Luck and intuition -- plus a solid news sense -- have often combined to put McGeary in the right place at the right time. She ducked her first stones while reporting for TIME in Boston during protests against court-ordered school busing. As a TIME White House correspondent during the Carter Administration, she followed all 444 days of the Iran hostage crisis. Next came 5 1/2 years as the magazine's State Department correspondent, covering a spectrum of U.S. foreign policy concerns that were often dominated by the Middle East. McGeary's move to Jerusalem last April put her in the front lines of one of the world's most dramatic stories.

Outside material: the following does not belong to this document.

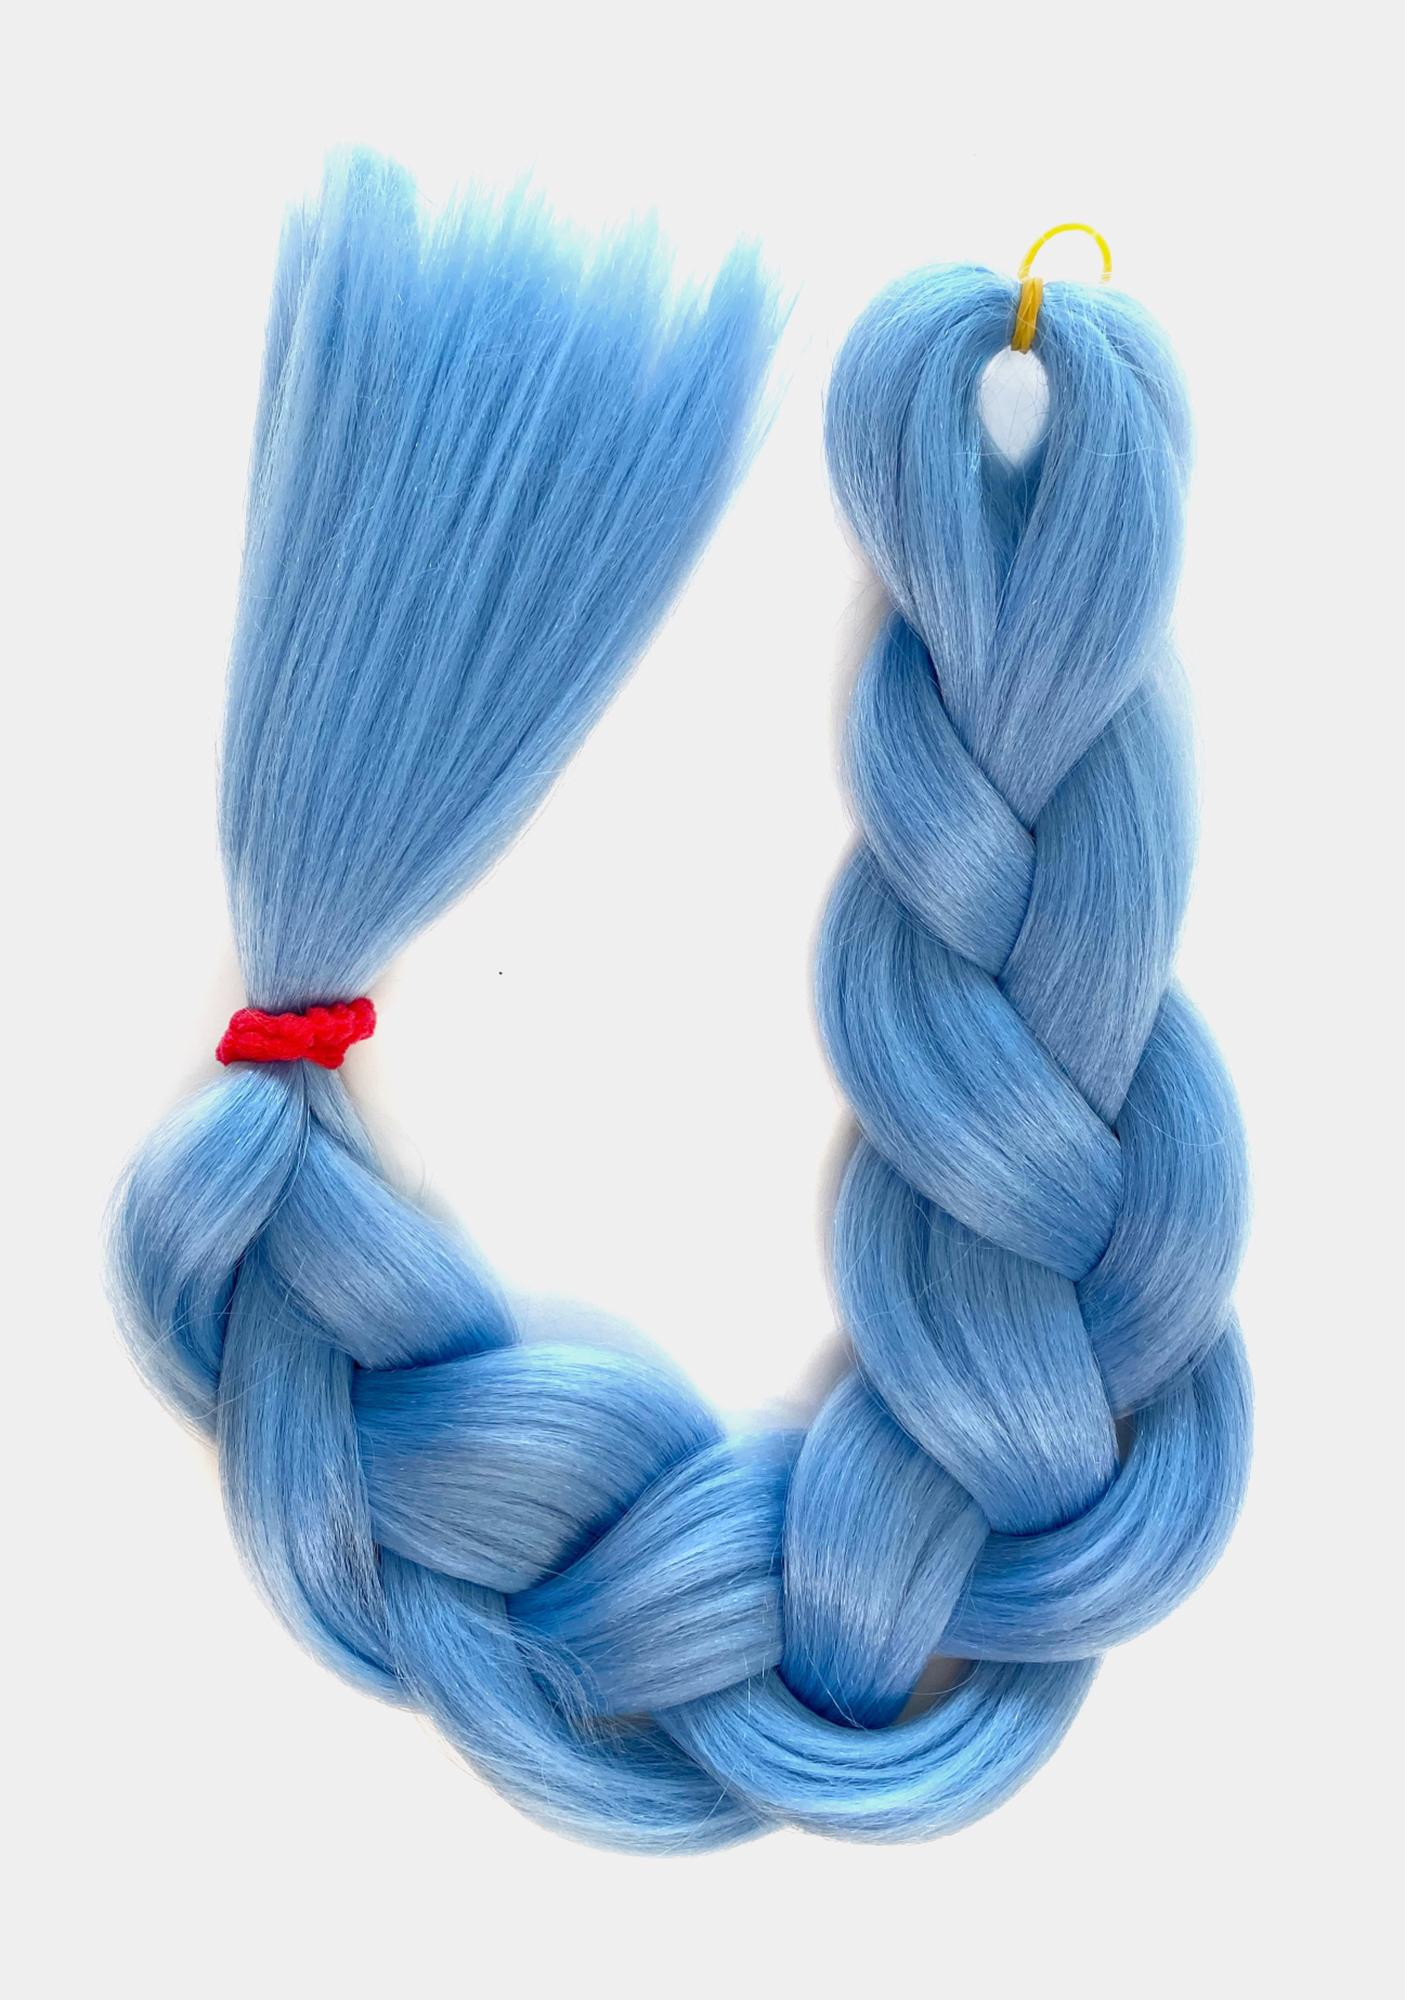 Lunautics Princess Hair Extensions

Covering the latest round of Palestinian unrest has proved both challenging and painful for everyone in the Jerusalem bureau. "The battle for freedom of the press has been one of the most anguishing parts of the story," says Reporter Robert Slater, who is also head of the Foreign Press Association in Israel. The plight of the nervous young Israeli soldiers who have been sent into the camps to quell the disturbances is another. "I know exactly how they feel," says Reporter Ron Ben-Yishai, a military-affairs expert, who serves in the Israeli army. "Very often I experience a strong conflict between my inner feelings as an Israeli and the professional need to see things as they are." The other side of that conflict is acute for Reporter Jamil Hamad. "It is difficult to report what goes on in the West Bank when you are a Palestinian," says Hamad. "On the one hand, you try to be impartial. To me, on the other hand, the tears of mothers and fathers are not just a scene to report."